Should physicians help families make end-of-life care decisions?

The debate continues over the role healthcare providers should play in end-of-life care decisions.

Despite calls for healthcare leaders and providers to improve end-of-life care and planning, a physician and an ethics professor write differing opinions in the journal Chest about the involvement of doctors in the decision-making process. 

Paul J. Hutchison, M.D., a Loyola University Medical Center critical care physician, says doctors should provide recommendations regarding goals of care to surrogates of dying patients in the ICU. "A physician has a responsibility to present surrogates with the plan of care he or she believes to be in the best application of a patient's authentic values and interests to a specific clinical situation," he writes. 

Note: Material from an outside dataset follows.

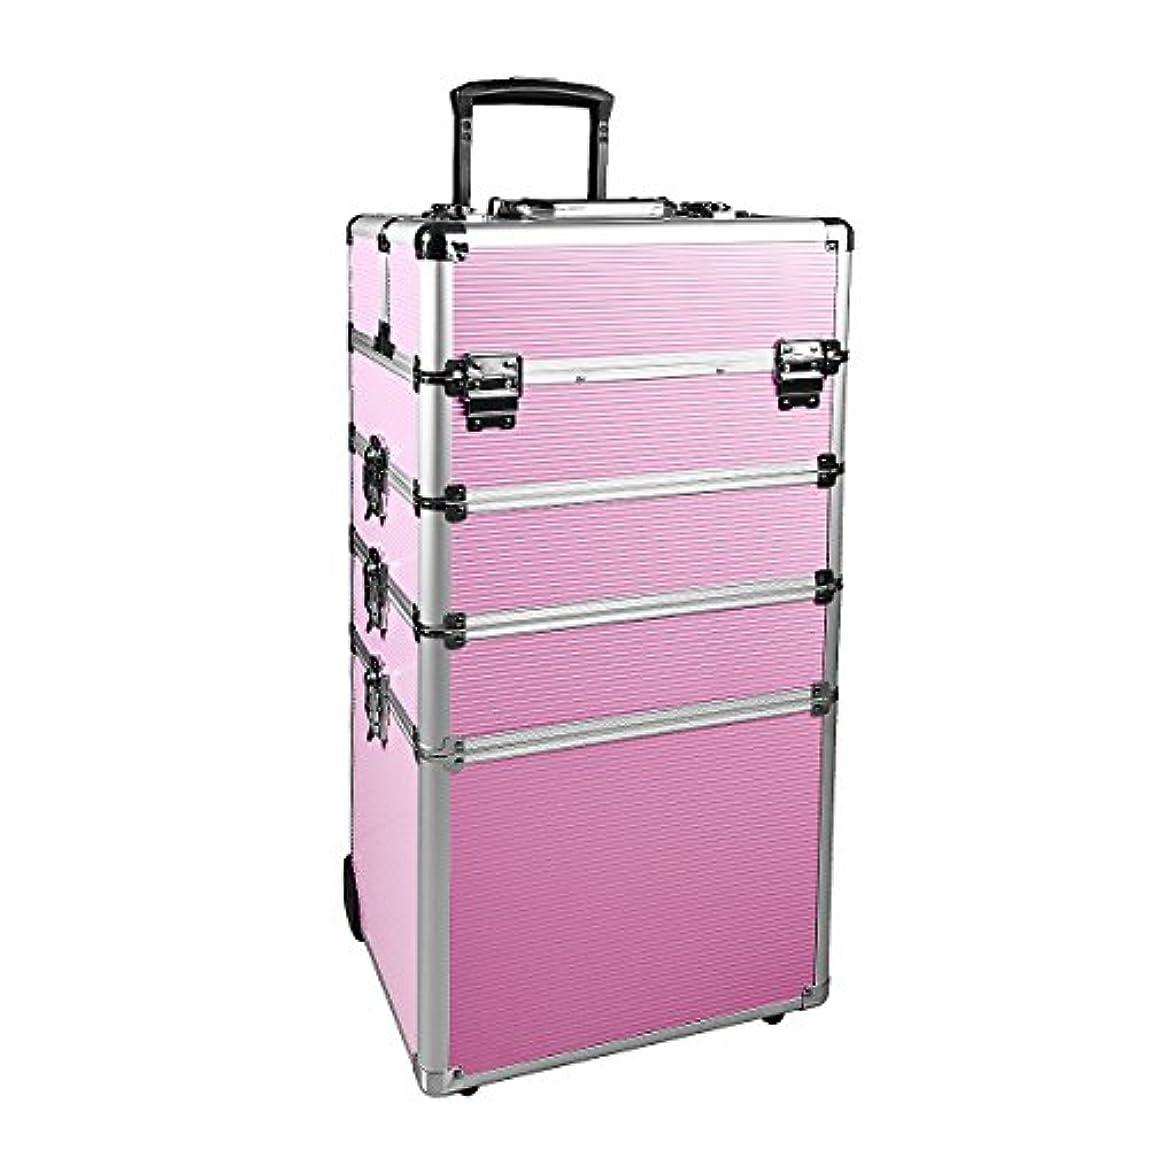 にじみ出る代わってフェードNHSM 1つ プロ 化粧品ローリング主催 アルミフレームと折りたたみトレイで化粧列車 ケース4 ピンク

But Robert M. Veatch, Ph.D., of Georgetown University's Kennedy Institute of Ethics, disagrees. Physicians, he writes, "have no basis for recommending treatment goals and, even if they did, they would tend to distort the decision-maker's perspective." 

About 20 percent of Americans will receive care in an intensive care unit around the time of their death, and most deaths follow a decision to limit life-sustaining therapies, according to the point-counterpoint articles. Because many patients in the ICU can't make decisions about their own care, surrogates often speak on their behalf and collaborate with the treating physician to determine treatment goals. But in many cases, they have no idea what the patient would want. Recent research shows that fewer than half of terminally ill patients have advance directives. And one study showed that discussions about end-of-life care are most often hampered by patients and their family members who don't want to talk about such plans.

Many surrogates have no experience in making end-of-life decisions for someone else and struggle in that role, says Hutchison. Depressed and anxious over their loved one's illness, making decisions without a recommendation from the treating physician may be overwhelming, Hutchison argues. A physician's input can help family members, who have no medical background or training, to make decisions, but doctors should be open to other perspectives. "After all, the physician and surrogate are on the same team and with the same ultimate goal: respect for the interests and dignity of the critically ill patient," he writes.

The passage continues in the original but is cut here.